# Honest Kitchen Question



## jaggirl47 (Jul 18, 2009)

I just received my order for Honest Kitchen Preference as an additive to Zappa's raw. He has been doing amazing on the raw BTW. My question is, what is the best way to do the Honest Kitchen and what consistency should it be?
For Zappa's activity level and weight, he is supposed to get 1 1/3:1 1/3 ratio meat to Honest Kitchen. It also says I need to add 1-1.5 cups of water for every 1 cup of Honest Kitchen. I don't want soup consistency.


----------



## ChancetheGSD (Dec 19, 2007)

http://leerburg.com/honestkitchen.htm

There is a video there that shows what it's like after it's mixed with a cup and a half of water. You could always start with one cup and add more once it's soaked up.


----------



## Samba (Apr 23, 2001)

As you let it sit with the water in it, it gets pretty stiff. 

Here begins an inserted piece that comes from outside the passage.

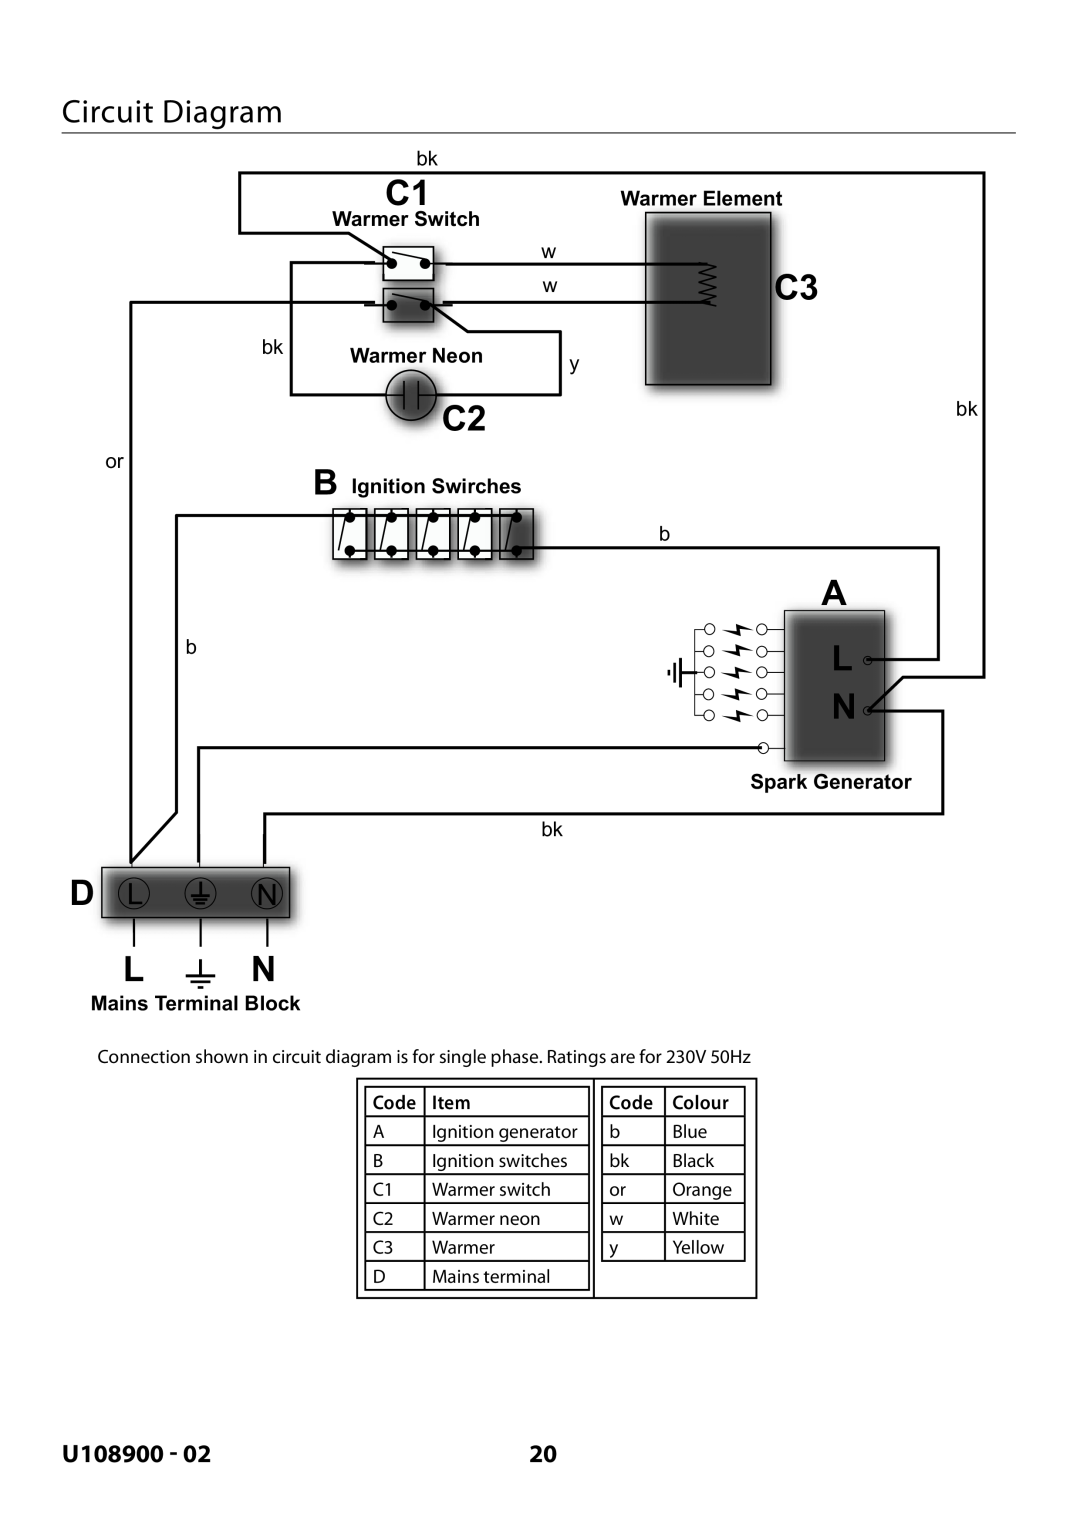 Rangemaster Toledo FS Hob Circuit Diagram, A L N, D L N, U108900, Warmer Element, Warmer Switch, Warmer Neon, Code, Colour 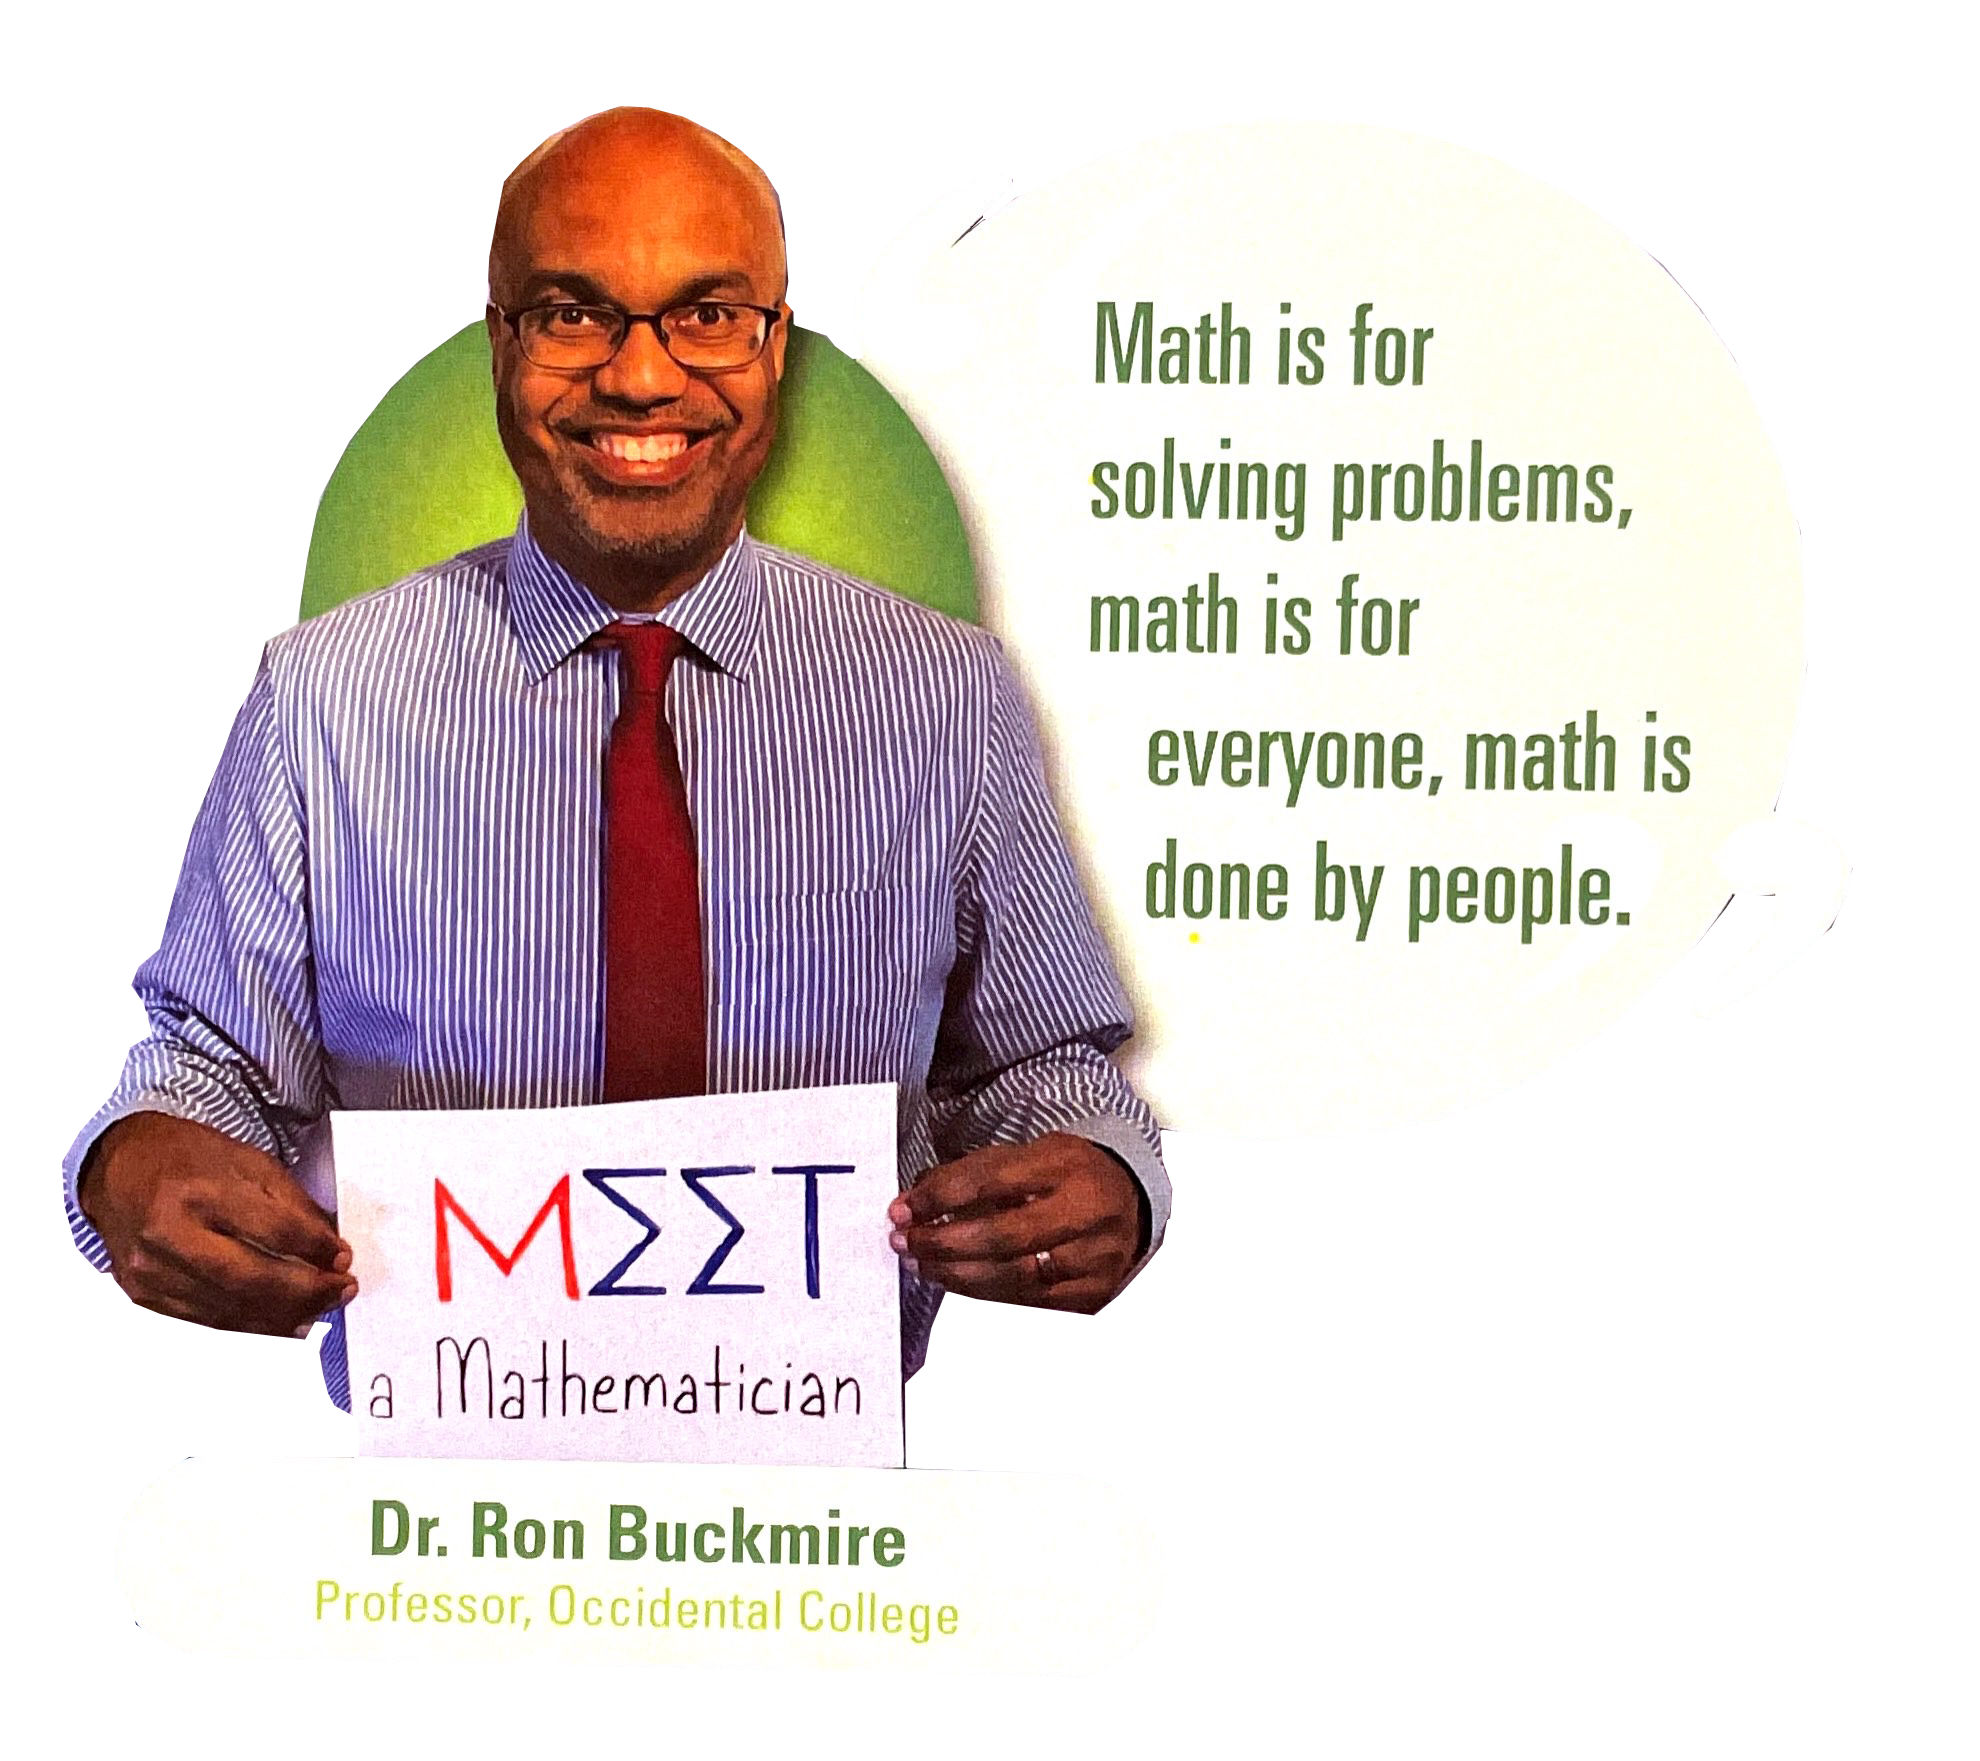 Spotlight: Meet a Mathematician - Dr. Ron Buckmire, Professor, Occidental College. "Math is for solving problems, math is for everyone, math is done by people."

I used to feed a lot of soup consistency food though when I blended my own veggies, eggs, etc. Mine don't care how its served.


----------



## ahlamarana (Sep 22, 2008)

I like to feed THK soupy too, I just pour it over the rest of the food like gravy, YUMMM!


----------



## jaggirl47 (Jul 18, 2009)

Zappa's not big on soupy, but you guys were right. It does get pretty stiff and I had to do the entire 1.5 cups. It smelled kinda gross, but Zappa gobbled it down. I just need to see how his GI handles it tonight.


----------



## Samba (Apr 23, 2001)

Yes, mine had a lovely bout of diarrhea after the first meal...new food thing. After that, they all have tolerated it very well and love it.


----------



## balakai (Feb 9, 2005)

I weigh mine--4 ounces of dry HK and 12 ounces of hot, not boiling, water for every pound of raw meat that I have on hand to mix with it. I rehydrate the HK, letting it stand for 15 minutes, then mix in the raw meat. I then weigh it out into 1 meal portions for my 3 dogs (18 ounces or so) and freeze.

~Kristin


----------